The glaring risk here is that forecasts become self-fulfilling prophecies. If inflation is expected to be higher in the future, people will be willing to pay more at current prices. As inflation rises above target, expectations become un-anchored. And then, with compromised central bank credibility, markets may not trust policymakers to guide inflation back down. Global central banks are making a big gamble that currently high inflation can revert serenely back to its previous course.

Investment Implications

Human beings have a habit of framing outlooks in a binary way: will there be inflation or will there not? Or, investors focus on point forecasts: just how high will inflation be? Those are the wrong questions. Markets react to changes at the margin. And, importantly, they react to the interplay between expectations and the actual incoming data.

That means the best approach for investors is to plan for asymmetry in positioning. The reality is that much of today’s asset prices still reflect the disinflationary trends of the last 40 years. Western government bonds, in particular, are still pricing in a deflationary ice age. Complacency remains high. And, now, evidence is surfacing that points to a shift in investment regimes. Momentum is shifting everywhere. For example, the iShares US Momentum ETF is set for a huge makeover this week, with 68% of its holdings changing (tech falls from 40% to 17%, while financials move up from less than 2% to 33%).
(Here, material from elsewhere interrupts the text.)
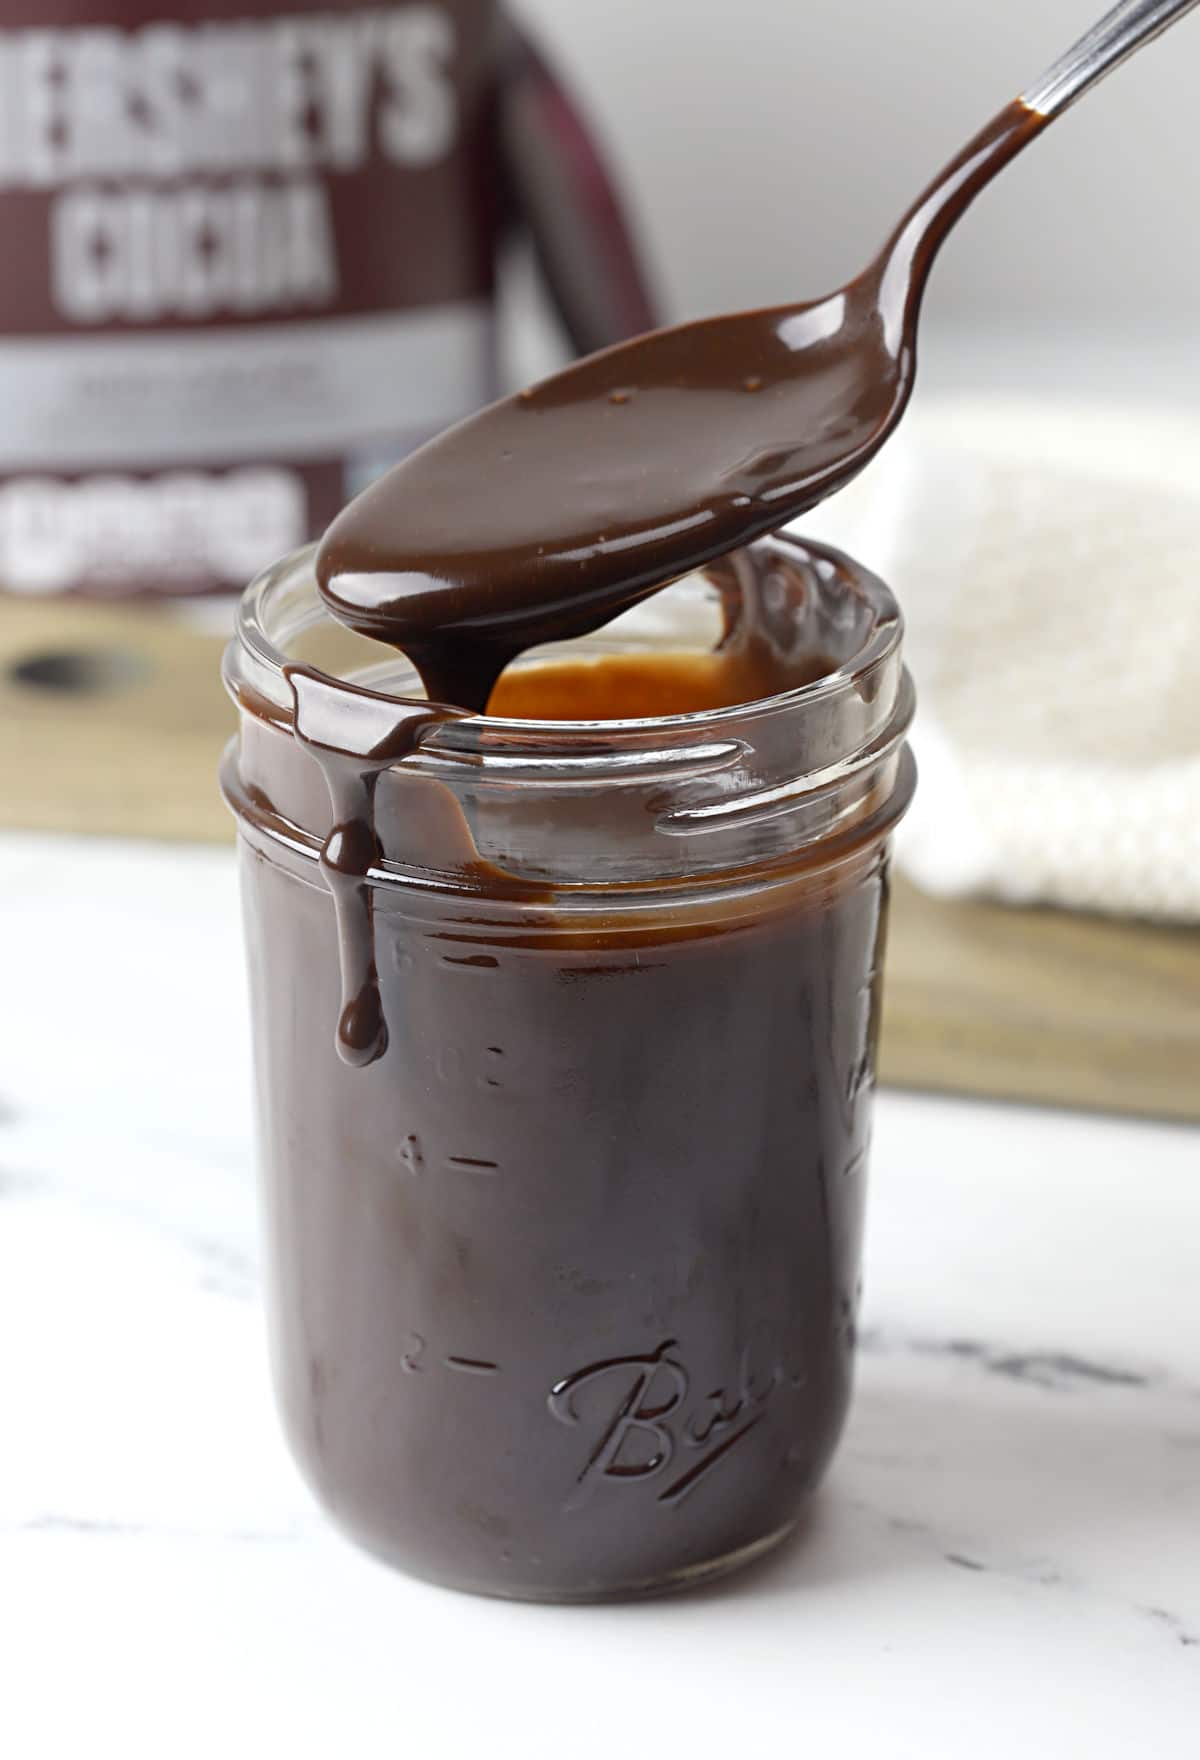 A metal spoon scooping hot fudge out of a glass jar.

Over the coming 3 – 5 years, our investment team expects inflation to average modestly higher than the last two decades. Yet even with this moderate shift, investment leadership will radically change. Losing investments will be those that have been bid up on the “lower forever” inflation thesis. This includes the long-duration growth tech stocks that have become today’s darlings. Winners include bank stocks (which have become well-capitalized and are natural beneficiaries of a steepening yield curve) and industrials (and other sectors that can pass through rising costs). Other cyclical industries will come back in vogue. Emerging market bonds will catch a steady bid as there are few yield plays that offer positive real rates.  Higher growth and higher inflation holds the key to these secular shifts. Markets are nowhere close to pricing any of this in.